I'm not a true believer in Lagares yet.

As you know from previous forecasts, I'm wildly optimistic about the Mets this year but if there's one area that's a concern for me its that we really don't have an ideal leadoff hitter and I worry about effects of pretending Lagares is or can be one. Sure Terry asked him to steal more and he did, but he's got to reach base more often and he was helped by a 342 BABIP last season (average is around 300).

I'd really prefer a lineup where he could hit 7th or 8th and let him reveal his upside there.
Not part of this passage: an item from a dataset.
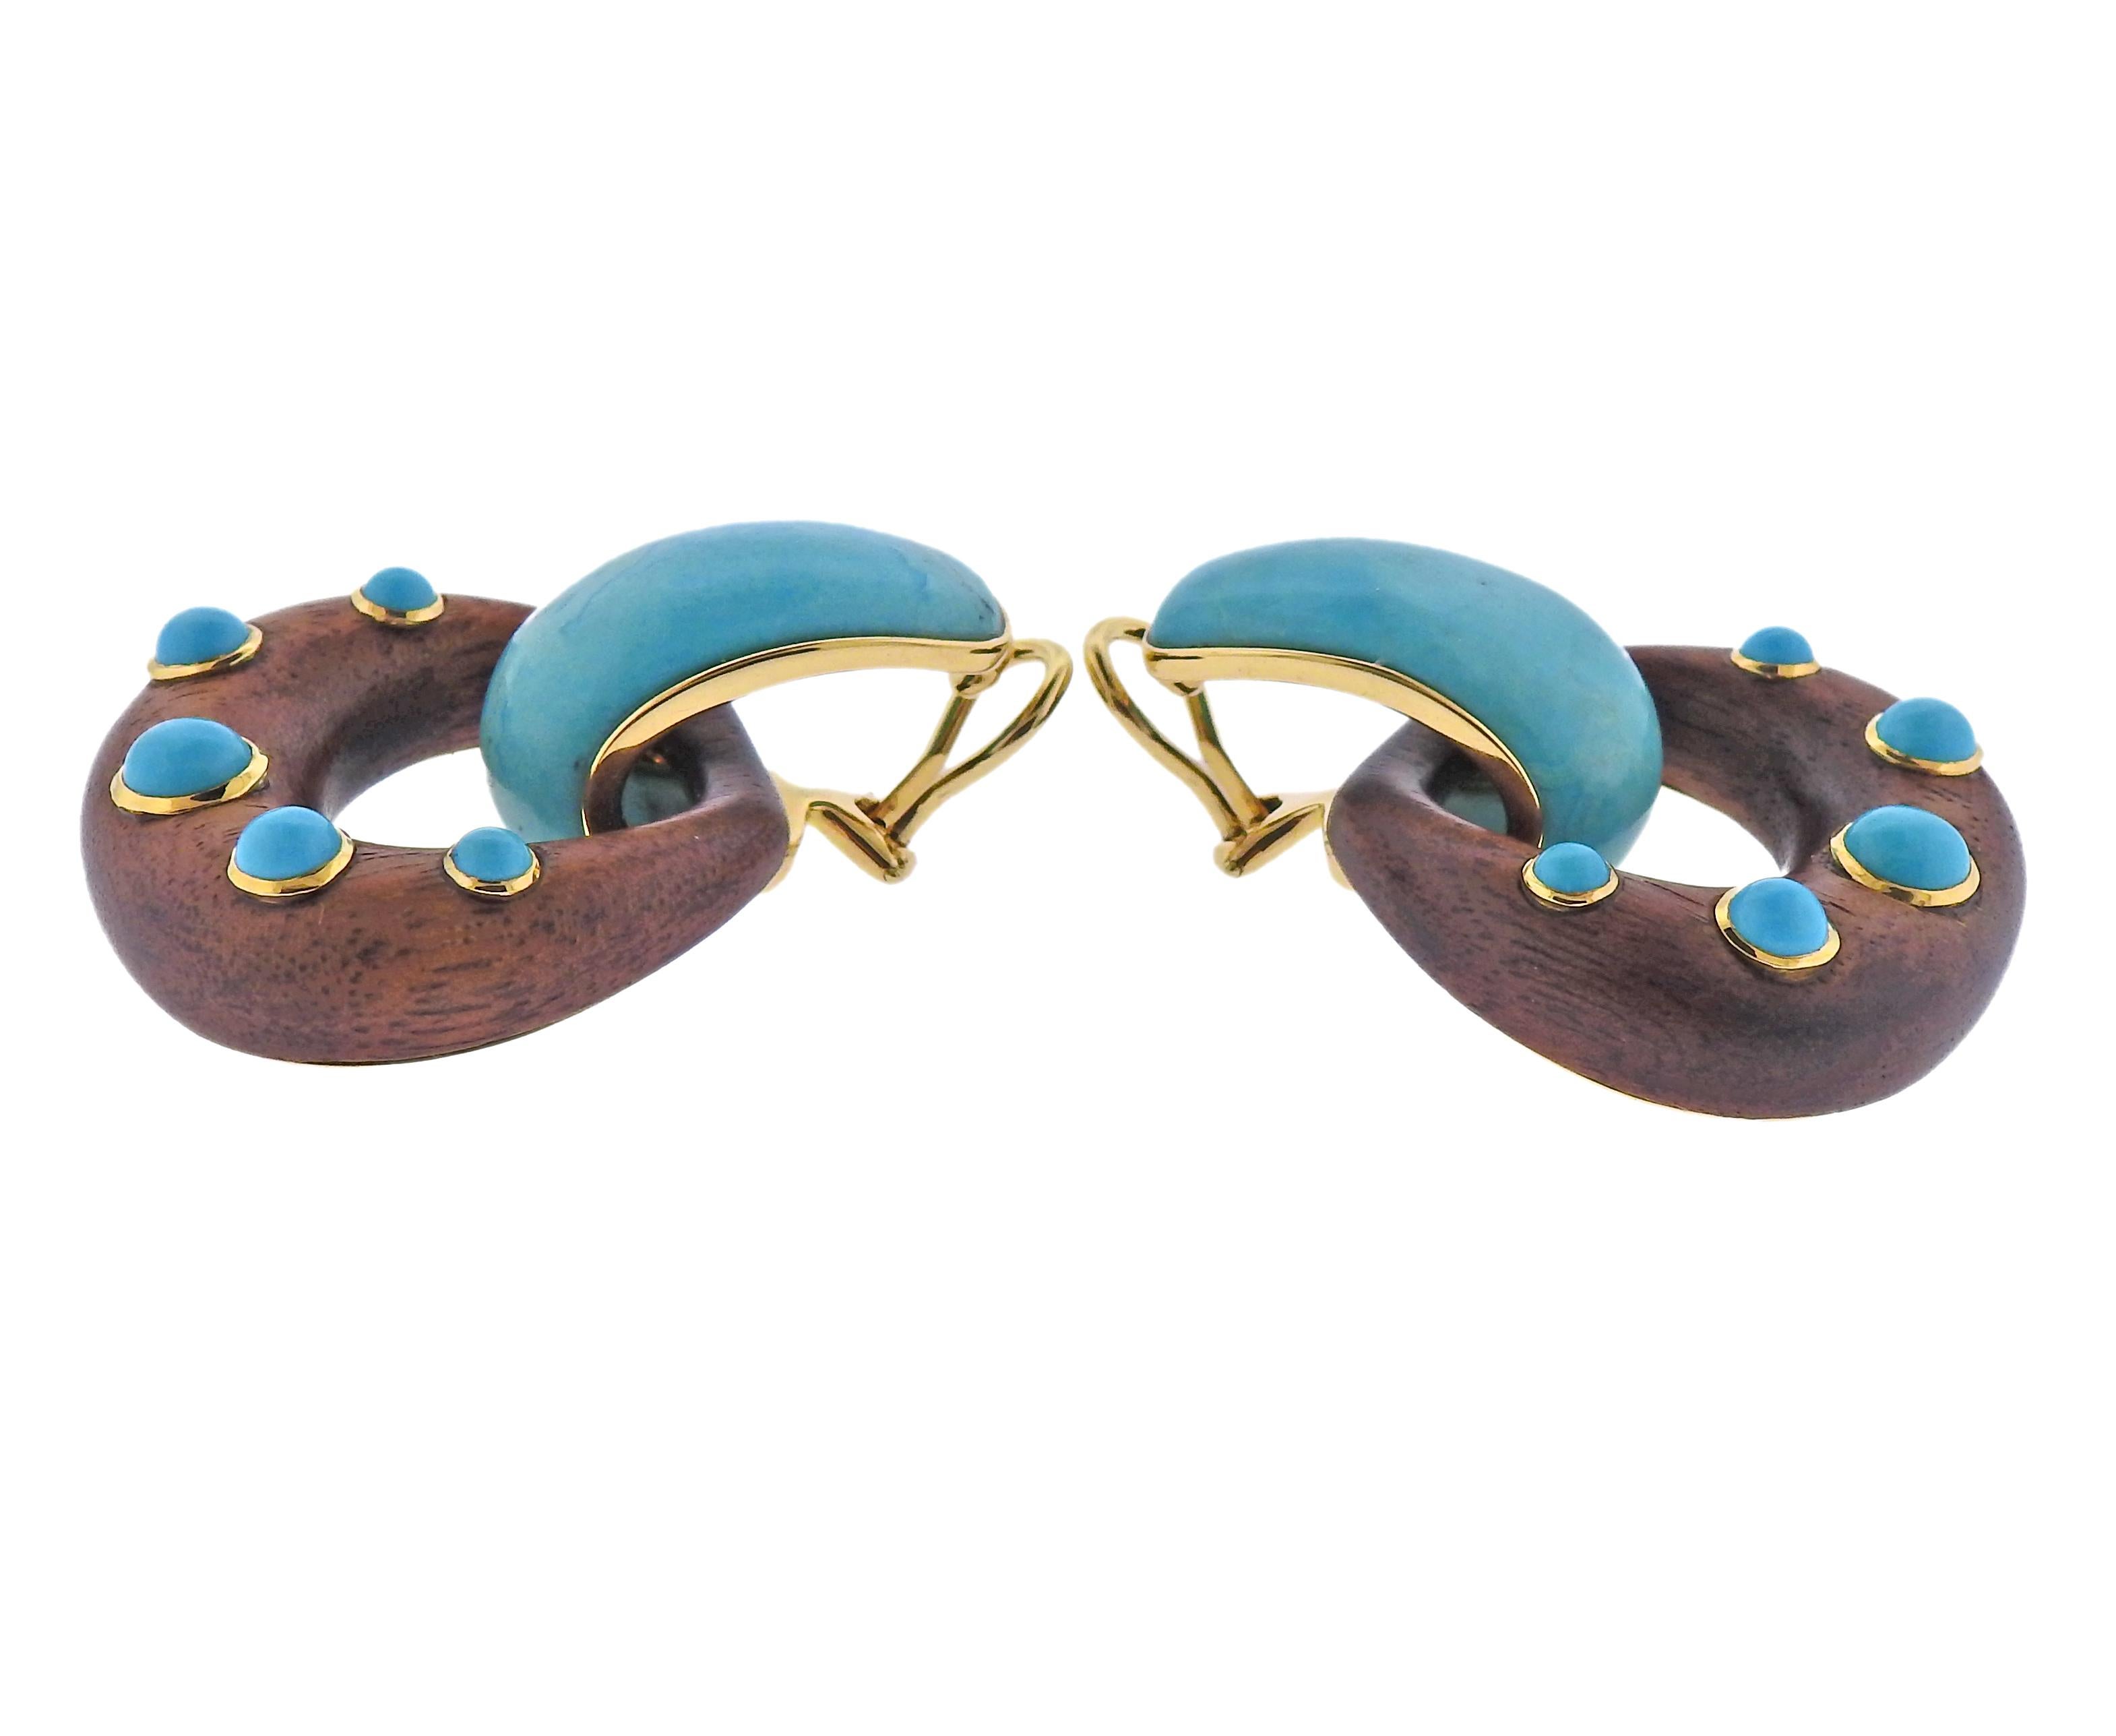 Brand new Seaman Schepps pair of versatile earrings, can be worn as doorknockers or hoops alone. Set with wood and turquoise. Can be purchased separately: hoops $4100; pendants $4300. Come with box.  Earrings are 38mm long. Pendants 28mm x 31mm.

I'd say 245/300/375 with 9 homersapiens and 20 steals. Not horrible, but not great. There will be times that Nieuwy will look like a better choice.


Posted


MFS62 wrote:
Getting better. Keeps the leadoff spot by hitting .288/ .355 with 40-45 XBH and 20+ SB. With those numbers and this lineup, will score over 100 5runs.

Later


That's pretty much where I wind up. Maybe fewer XBH, and if given permission to run will easily have 20 SB. His OBP will be more in the .320 range, though, so he won't be an ideal leadoff guy.


Posted


His approach certainly changed after he hit the leadoff spot last year. The results didn't change much, but I was at least happy he was a willing student.

Working with late-bloomers seem to be almost an organizational philosophy.


Grand Central Contributor
Posted


131 games .279/.329/.401 wRC+105 10 HR 20 SB

sporadic injury was a concern last year. hopefully he stays a little healthier.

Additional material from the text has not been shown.